We can express each increment of functionality as a user story: a statement about what the player should be able to achieve with the program after that functionality is added.

The stories follow the logical sequence of describing the rules for the game: we start with the most general rules and describe the boundaries and special cases as narrowings and internal differentiations of those rules.

The first user story

When I start a game, my score is 0.

I open a development build of Verse in my browser, and I am presented with a blank editor. I click the RUN button, which tells Verse that it’s okay to eval any code I type. Then I switch over to the TEST tab, which is currently telling me that All 0 tests passed.

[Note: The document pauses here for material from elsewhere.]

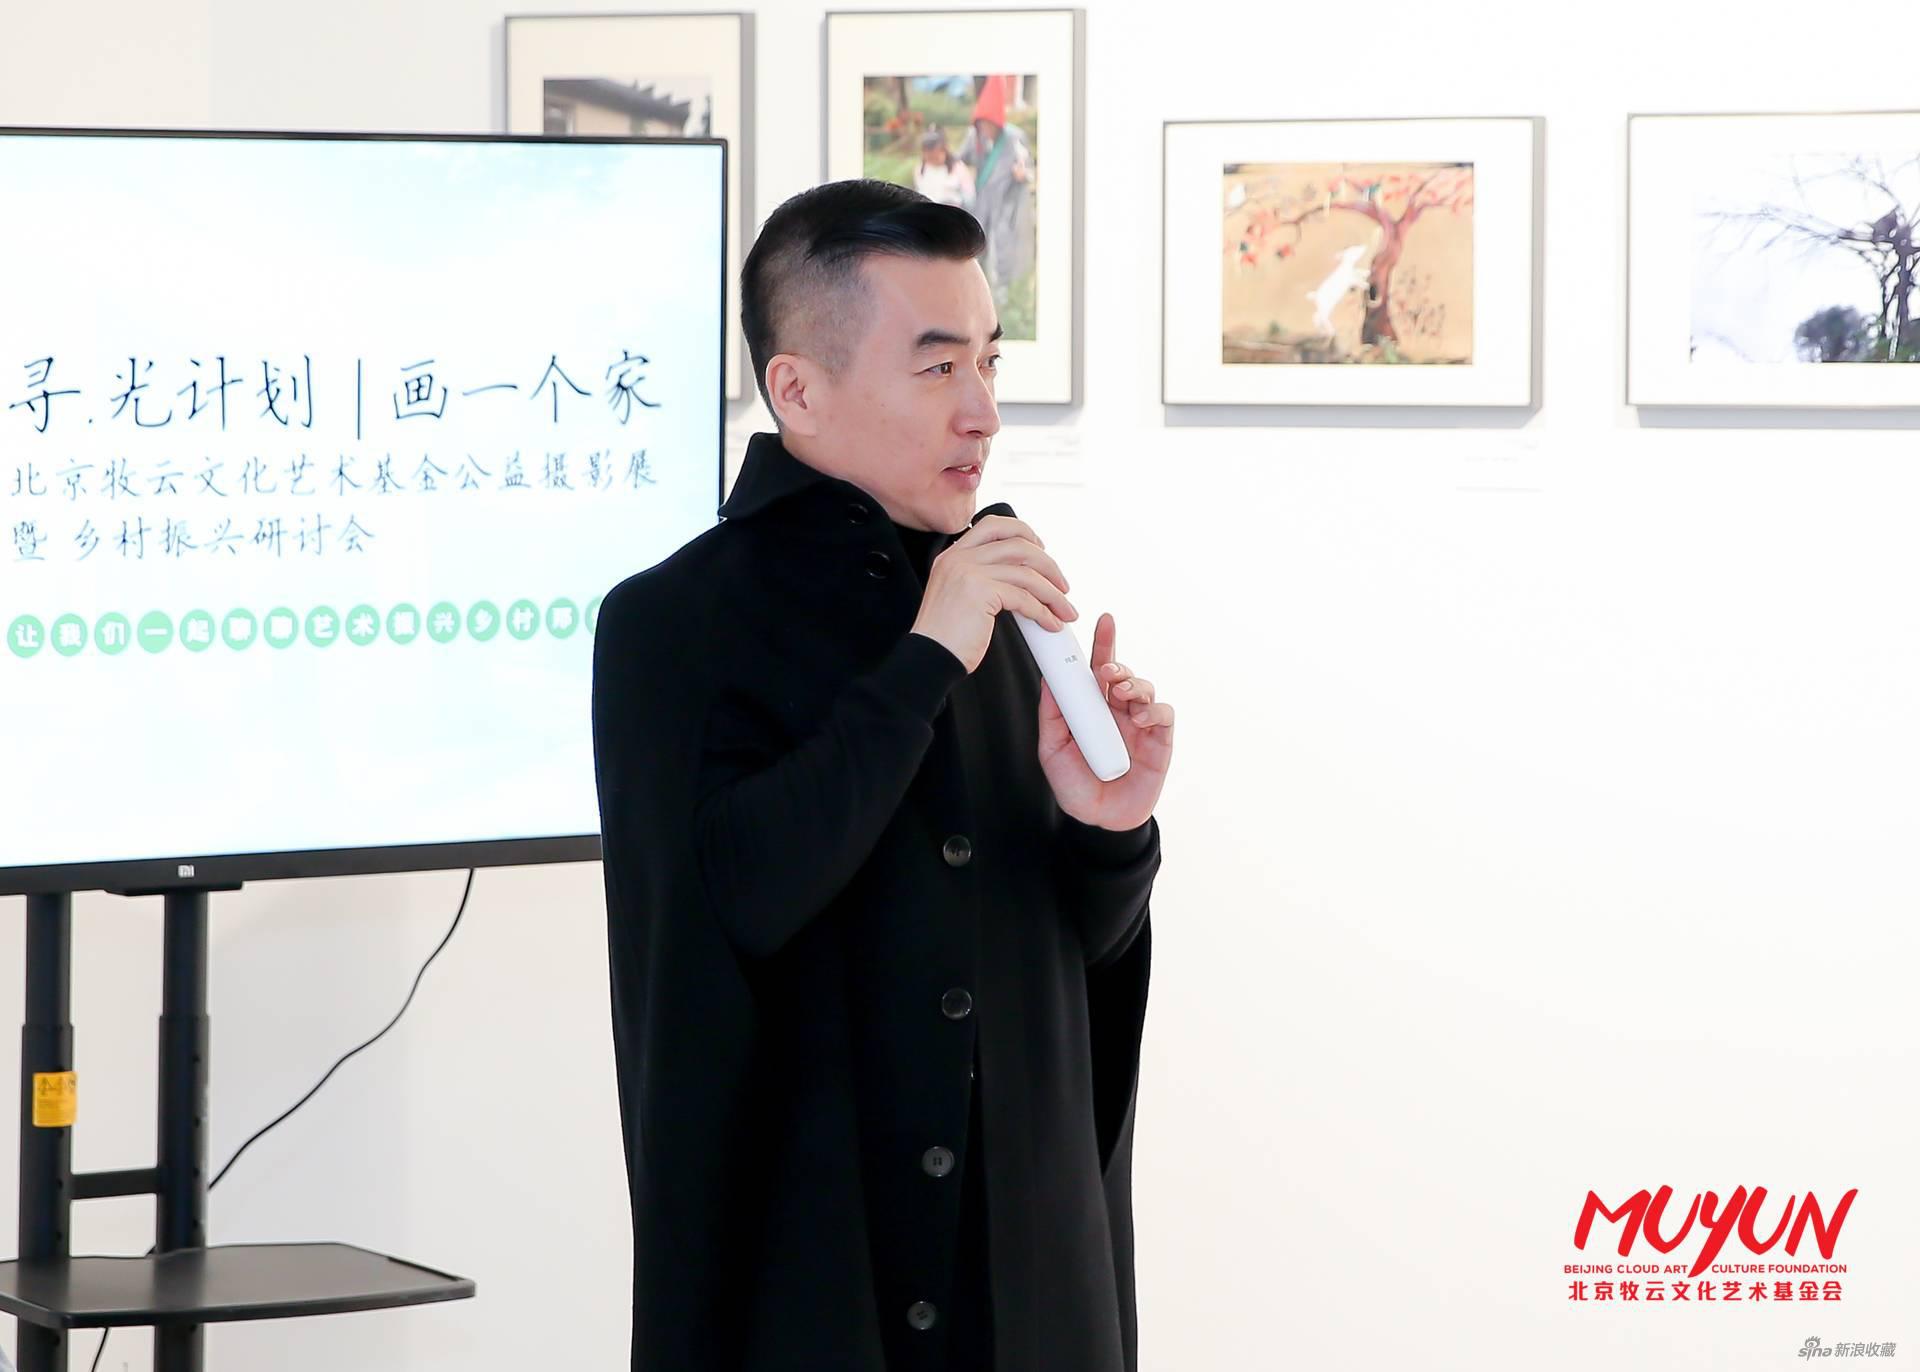 理事长蔡志松代表牧云文化艺术基金会讲话

Time to write our first failing test.

Red

Verse comes with a built-in test framework that makes it easy to simulate interactions with a program’s UI. The first failing test I’ll write will just try to simulate running our program, which of course doesn’t exist yet.

define({
  'test the score for a game starts at 0'() {
    simulate(run)
  }
})

Verse parses the code and runs the tests every time I type a character in the editor, so as soon as I’m done typing the code above I can see that the test is failing with ReferenceError: run is not defined.

Green

We can make the test pass by defining a run routine. Verse makes a strong distinction between routines, which may interact with the outside world via effects, and functions, which may only interact with other program components through their parameters and return values. Verse implements routines using JavaScript generator functions.

We want to create a routine here because we’ll soon need to interact with the keyboard and screen, and we can’t do that from a function. The asterisk in *run makes it a routine.

define({
  'test the score for a game starts at 0'() {
    simulate(run)
  },

  *run() {}
})

The name run is not arbitrary, by the way. By convention, the routine called run is the entry point to a Verse program, analogous to main in C or Java.

Refactor

There is no duplication or ugly code yet, so the refactor step is a no-op.

Red

Our test description doesn’t match the test code, so we’re not done with this test yet. We’ll add an assertion:

  'test the score for a game starts at 0'() {
    simulate(run)
      .assertDisplay(contains, 'Total score: 0')
  },

Verse provides the following failure message:

Error: Tried to assert that

contains
  Total score: 0

Now I wish I’d put quotes around string values in assertion failures—that blank line is a pretty awkward way to represent the empty string. Oh well, I’ll fix it in the next version.

Green

To fix the test failure, we can yield startDisplay(...) from the run routine. The yield keyword is needed for the code to affect the outside world.

  *run() {
    yield startDisplay(() => ['Total score: 0'])
  }

At this point I notice that the test is still failing with the same error. This is actually due to a quirk of Verse: the screen is cleared when a program exits, and right now our program is exiting immediately after the startDisplay call. To fix it, we just need to tell the run routine to wait a bit before exiting.

define({
  // ...

  *run() {
    yield startDisplay(() => ['Total score: 0'])
    yield wait(Infinity)
  }
})

Here I think waiting forever is the least surprising thing to do.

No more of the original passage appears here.